В этом письме Чертков, приветствуя возвращение Толстого к художественному творчеству, просит его облегчить ему издание его новых рассказов за границей, присылая их прежде всего ему. Далее Чертков пишет, что издатели за последнее время статьи Толстого «стали принимать гораздо менее охотно, выставляя причиной этому то, что вы в ваших статьях стали будто бы очень повторяться».

1 [Я не обольщаюсь.]

2 Мысли, изложенные в этом приложении, Толстой записал в Дневнике 19 ноября 1909 г. (см. т. 57, стр. 174). Кроме того, в Записной книжке им написан, очевидно в ночь на 19 ноября, первый черновик. Он опубликован в т. 58, на стр. 149 и 150, ошибочно принятый за запись 1910 г., так как написан после записей, несомненно относящихся к январю 1910 г.
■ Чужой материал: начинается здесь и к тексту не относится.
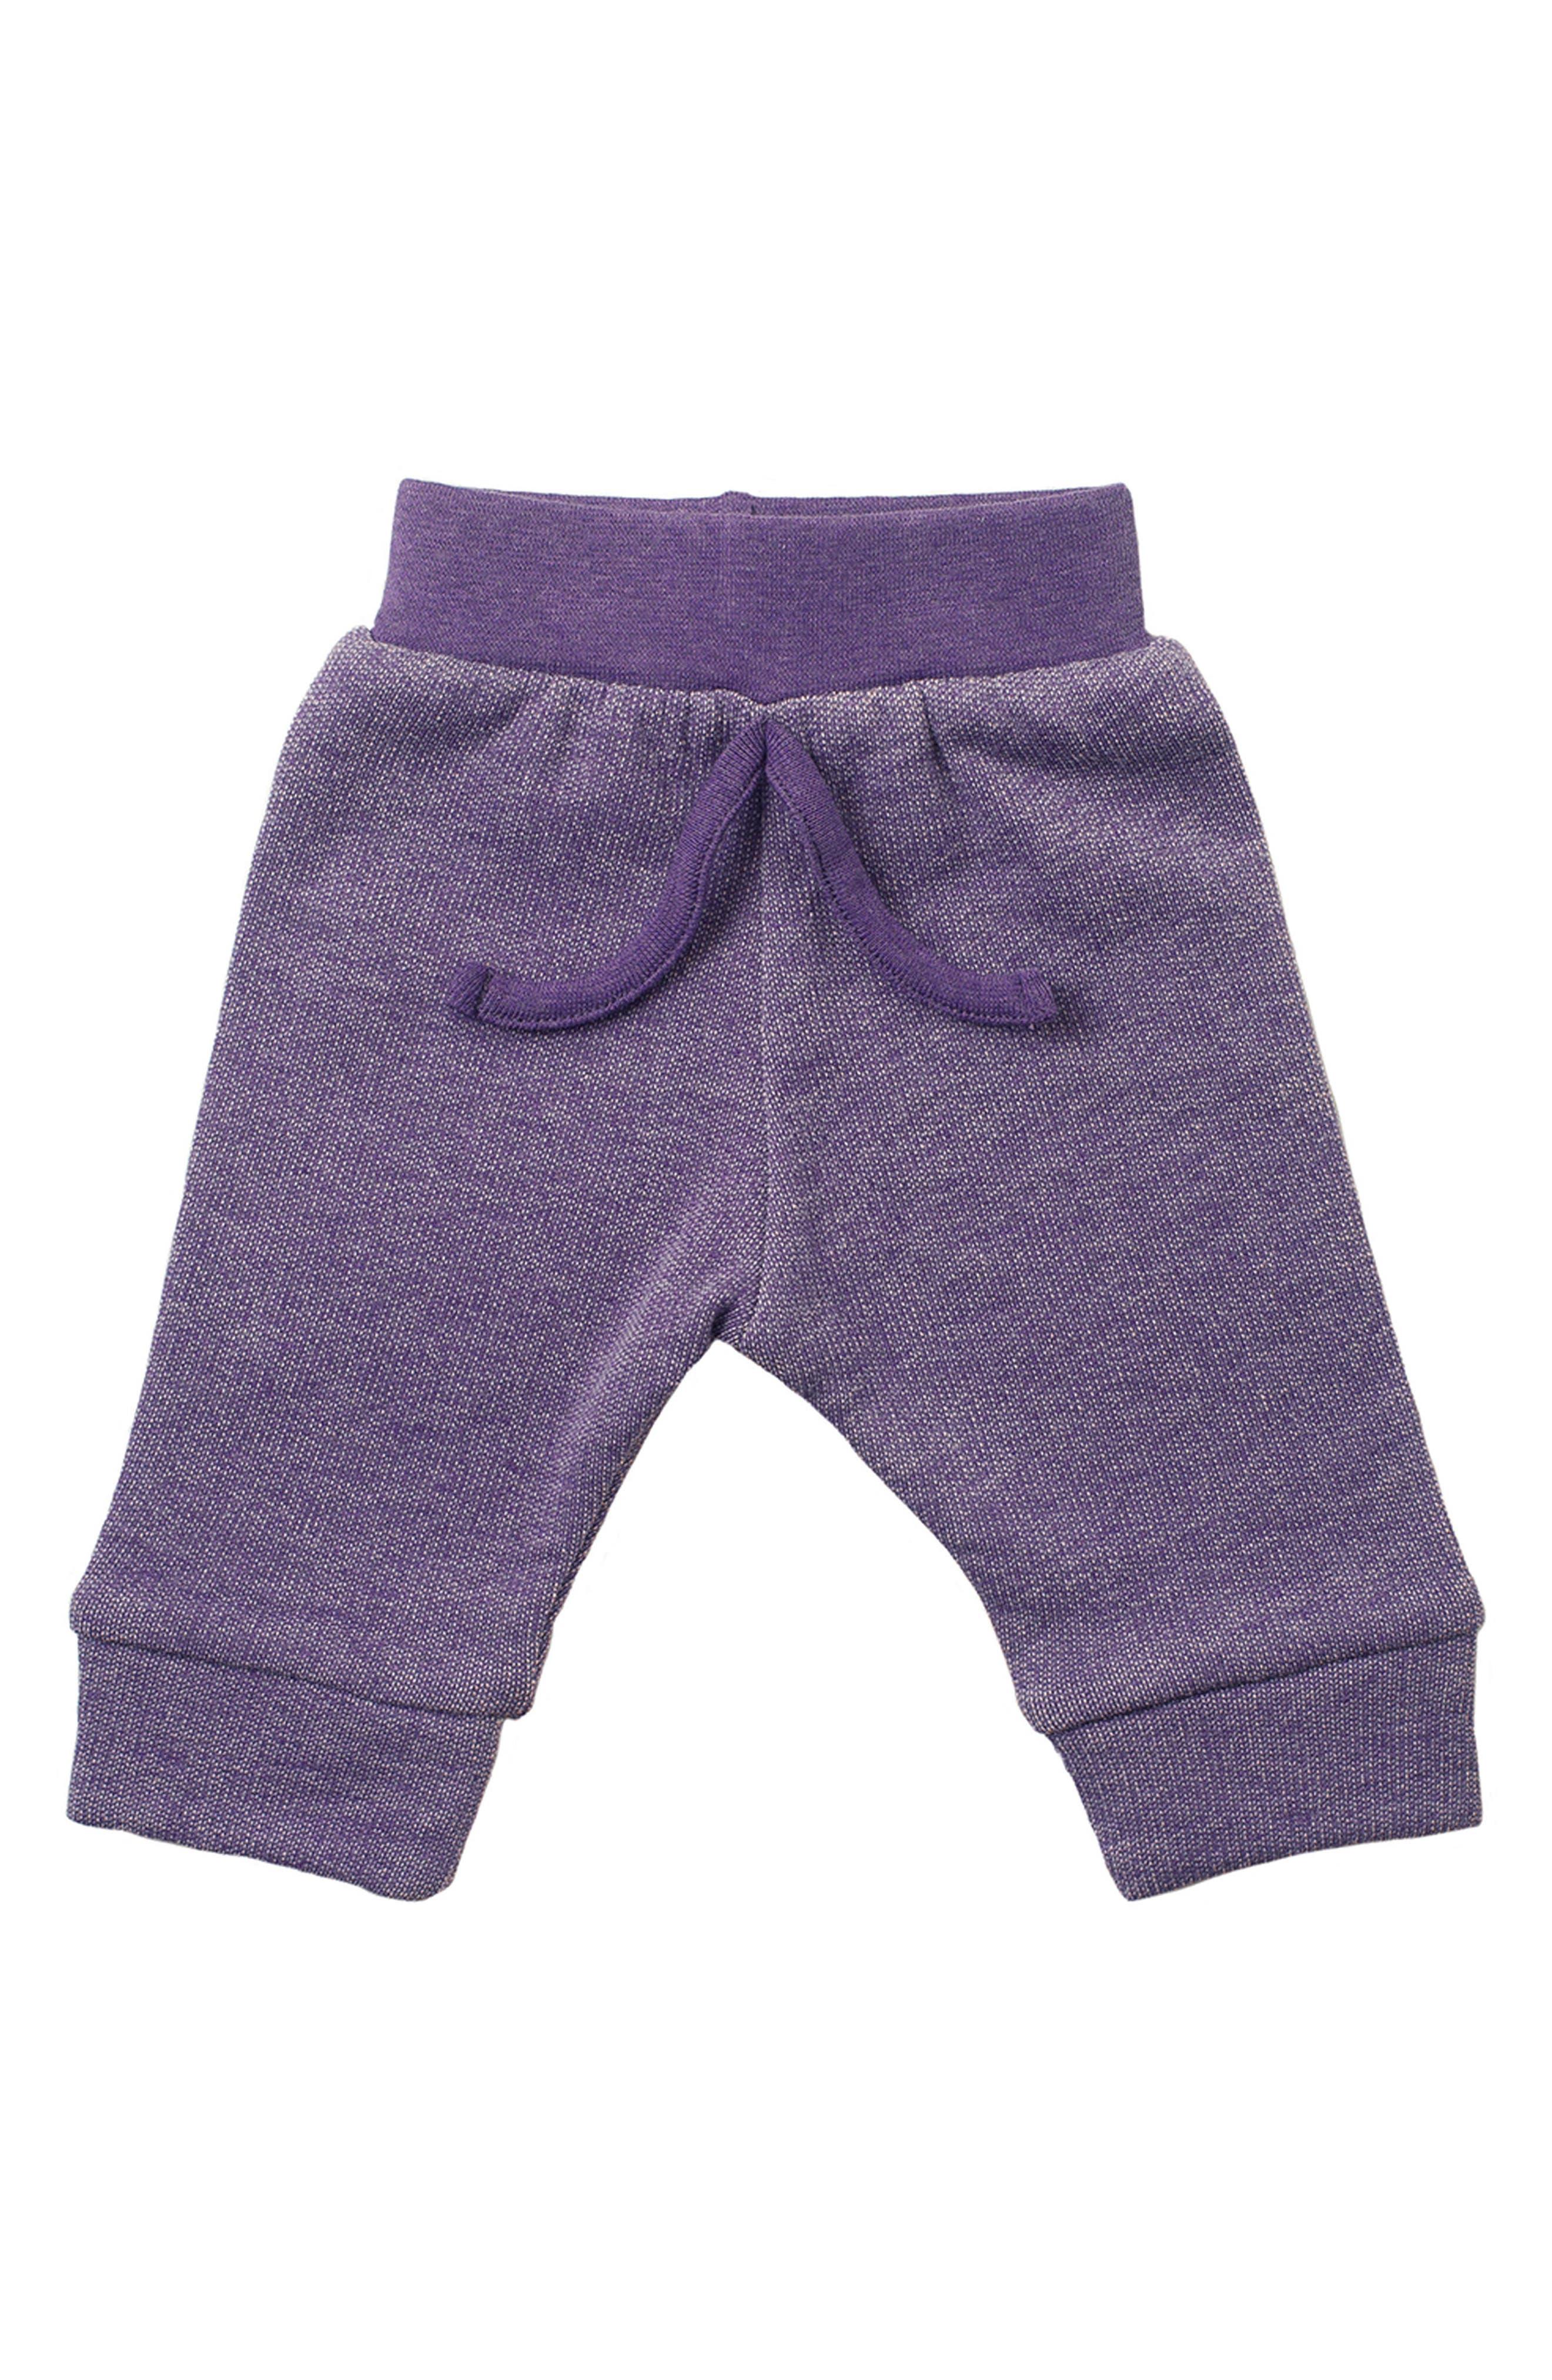 Monica + Andy Organic Cotton Sweatpants (Baby Girls)

3 «Исправленная версия» напечатана на ремингтоне с исправлением рукой A. Л. Толстой, на подлиннике приписка рукой В. Г. Черткова: «Исправленная версия, приложенная к письму от Льва Николаевича от 19 ноября 09 г., присланная мне вдогонку к этому письму А. Л. Толстой. В. Ч.».

* 863.

1909 г. Ноября 27. Я. П.

Спасибо вам, милый, дорогой друг, за то, что прислали ко мне Алешу. Мне так хорошо с ним было, и по нем самом, и п[о]т[ому], что я точно с вами пожил, поговорил — так живо и хорошо почувствовал вас. Очень мне жалко и совестно за то, что с Штокгольмской речью вышло то, чего я никак не ожидал, но в чем я кругом виноват.1 По телеграмме я понял, что будет прочтено в Вене2 и так по слабости б[ыл] рад этому, ч[то], не подумав о последствиях, разрешил. Я так живо понял, как это больше чем неприятно вам. Пожалуйста, простите меня. Прочел мне Ал[еша] ваше письмо к нему3 и выписку из дневника,4 за ко[торые] я ему оч[ень] благодарен. Как ни странно это сказать, я, благодаря этому письму и выписке, в первый раз ясно перенесся в вас, так я эгоистичен, и почувствовал всё, что вы переживаете и что не для меня, а для того, что для нас с вами дороже и важнее всего на свете, делаете. Пожалуйста, помните, что это не слова, которыми я хочу вам сделать приятное, а желание передать совсем новое и для меня радостное чувство перенесения себя в вашу душу и переживание с вами того, что вы переживали. Чувство для меня новое и такое, ч[то] я не умею теперь передать. Но вы поймете. В письме Алеше вы неправы, а в дневнике больше чем правы. Давно, да и никогда так близко не чувствовал вас. И это оч[ень] мне хорошо. Алеша вам всё расскажет про меня. Дел у меня больше, чем я когда-нибудь могу мечтать переделать, и теперь по крайней мере только радуюсь этому, надеюсь и желаю, что в таком же состоянии застанет меня смерть. Только радостей таких, к[отор]ые не могут уйти от меня и к[отор]ые, без фразы, живо чувствую, что не заслужил, из них любовь ко мне людей и ваша на первом месте, и всё растущее и растущее сознание движения, всё убыстряющегося по мере приближения к смерти и, главное, всё более и более твердая вера в то, чем живу. Мне часто оч[ень] хорошо, нынче особенно. На письмо это ничего не отвечайте. Чувства, к[отор]ые я в нем высказываю, так для меня дороги, что я, как умел, оч[ень] нескладно, но, надеясь на вашу отзывчивость, высказал их, но говорить о них не хотел бы. О многом и многом тоже близком, но, разумеется, в тысячи раз имеющем для меня меньшее значение, не пишу, Ал[еша] расскажет. Как я тоже рад тому, что его оч[ень] полюбил.